Although the development of PM is not related to thyroid function, and patients may be hyperthyroidism, euthyroid, or hypothyroidism at the time of presentation, the onset of PM after treatment is rarely reported. In our case, a middle-aged man with nodule type PM, which occurred after I-131 ablation therapy, is quite uncommon. To the best of our knowledge, only three other cases of PM after I-131 ablation therapy for GD have been reported in the literature,, and our patient may be the first case of Chinese ethnicity.
The exact mechanism underlying this condition remains unknown because the condition of our case is quite contradictory to the previous studies. It is known that the high levels of thyroid autoantibodies, especially thyroid-stimulating hormone receptor (TSHR) antibodies (TRAb), are considered to be the main mechanism of GD and its extrathyroidal manifestations. TRAb can be stimulating, neutral or inhibiting and the stimulating antibody that binds to leucine-rich domain of the TSHR is considered to be the cause of GD. Moreover, thus, most TRAb assays are separated into two categories. One is thyroid-stimulating immunoglobulin assay that detects TRAb in patients' serum by their affinity to the known TSHR ligand (TSH or monoclonal anti-TSHR antibody), and these assays cannot differentiate between stimulating, and nonstimulating antibody. Another one is TSH-binding inhibiting immunoglobulin assay, which detect cyclic adenosine monophosphate (cAMP) production in cells cultivated with patients' serum, and these assays identify only stimulating TRAb.
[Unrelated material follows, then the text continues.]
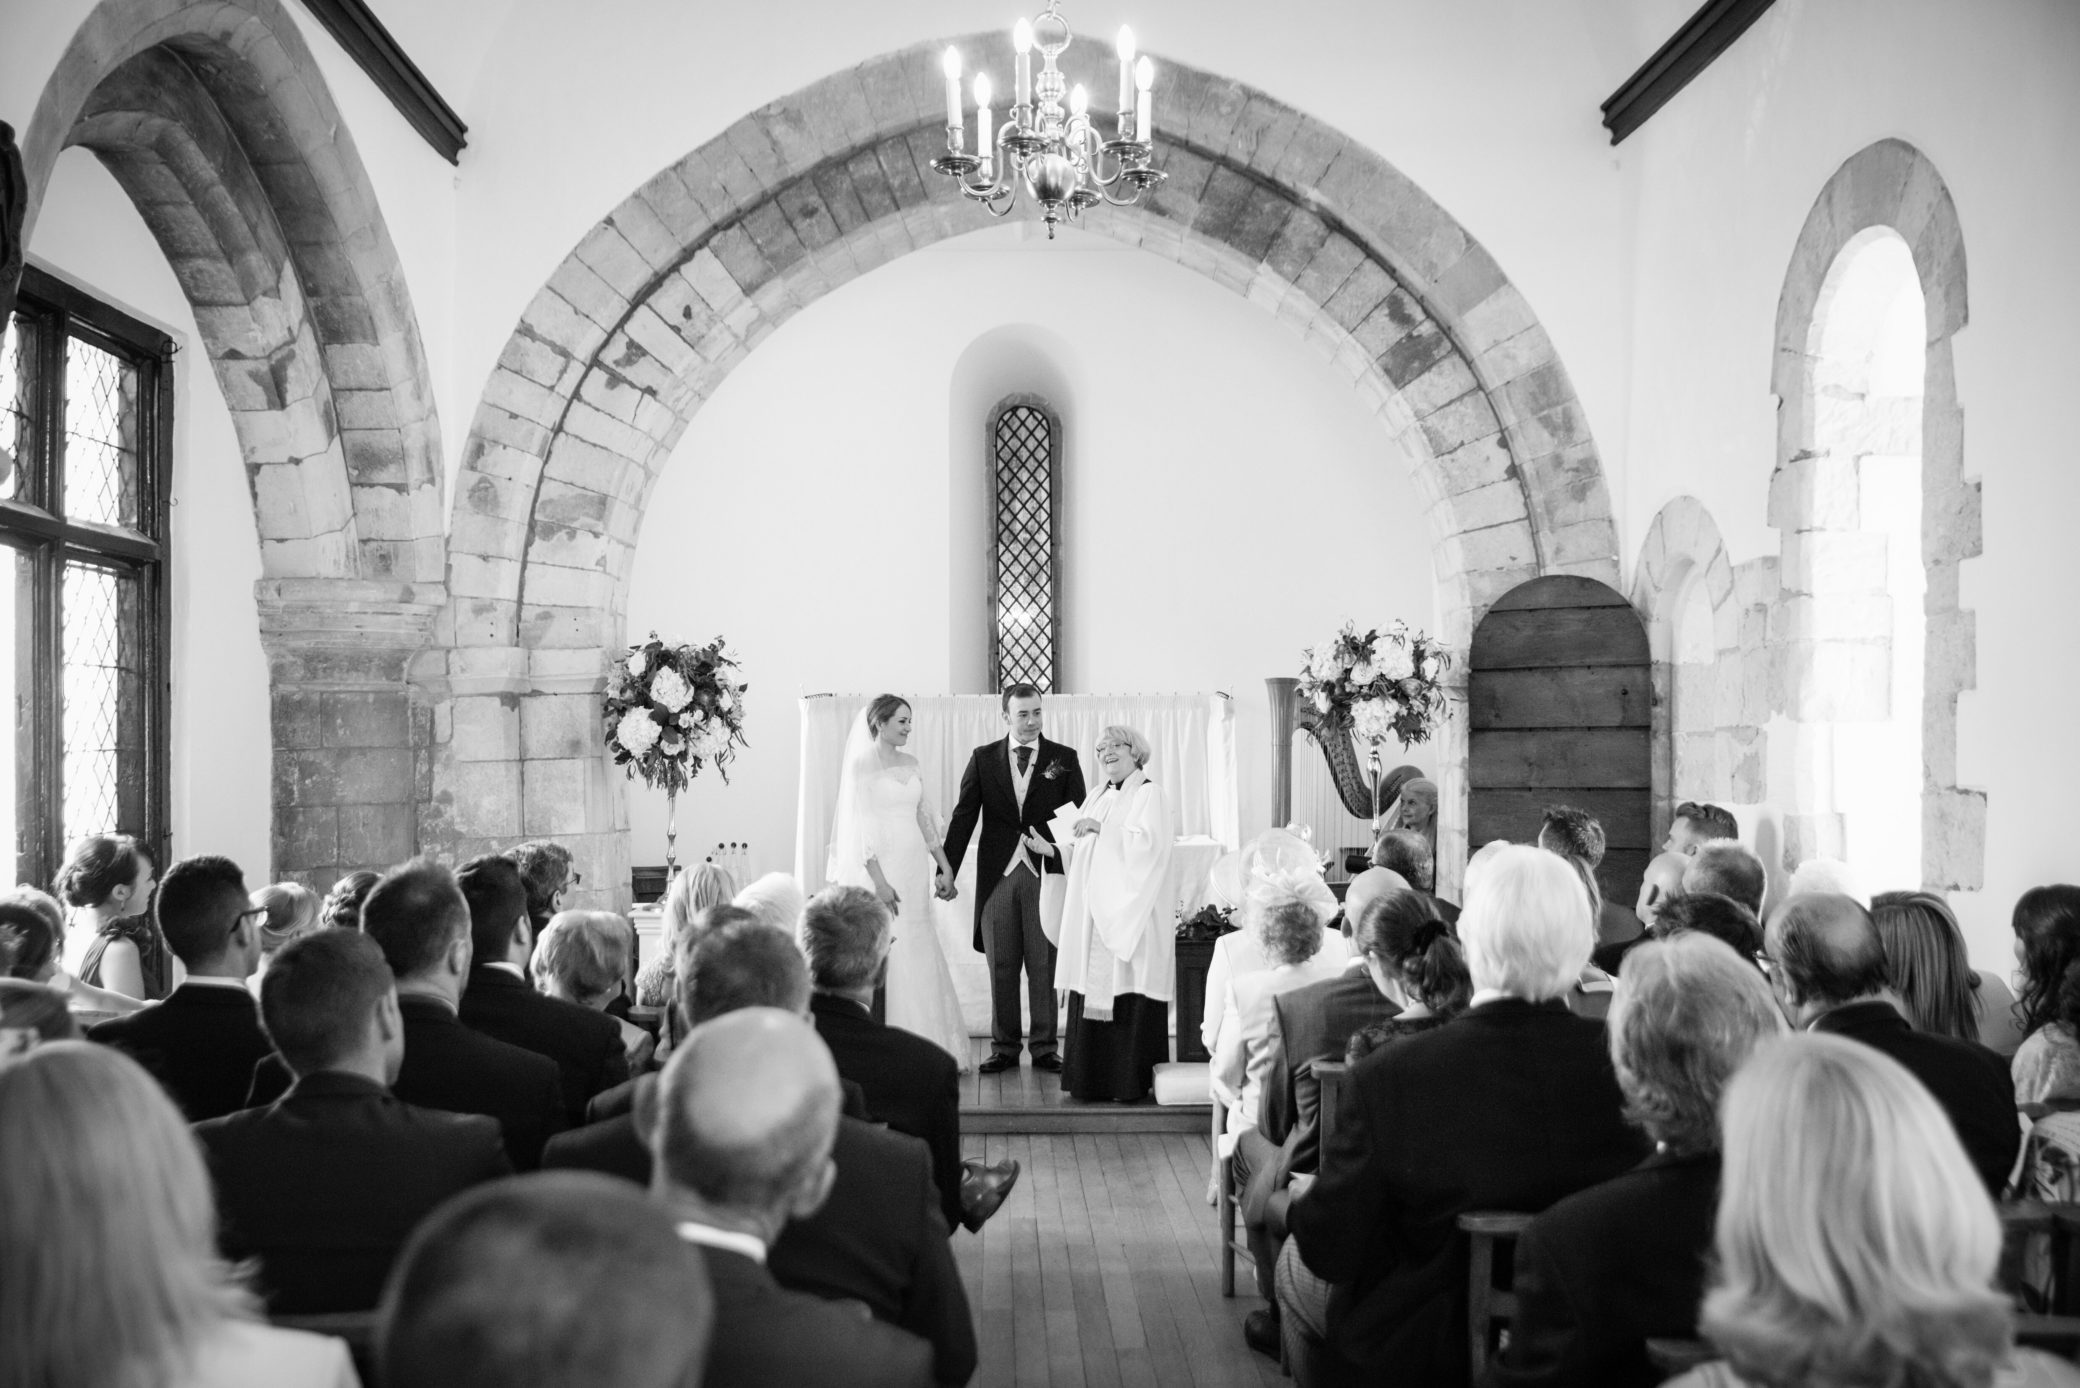 Chapel weddings at Farnham Castle in Surrey

Besides, the level of thyroid autoantibodies is higher in the group with extrathyroidal manifestations.,
In addition, the level of thyroid autoantibodies should subside after the treatment of GD, including antithyroid agents, surgery, or radioiodine therapy., However, our case developed PM after undergoing I-131 ablation therapy. Although there is the chance that TRAb may rebound and cause hyperthyroidism, our patient's TRAb was negative, and thyroid function was low (free T4 < 0.79 ng/dL) after the treatment. Additional factors other than the level of thyroid autoantibodies may be important to the development of pretibial myxedema.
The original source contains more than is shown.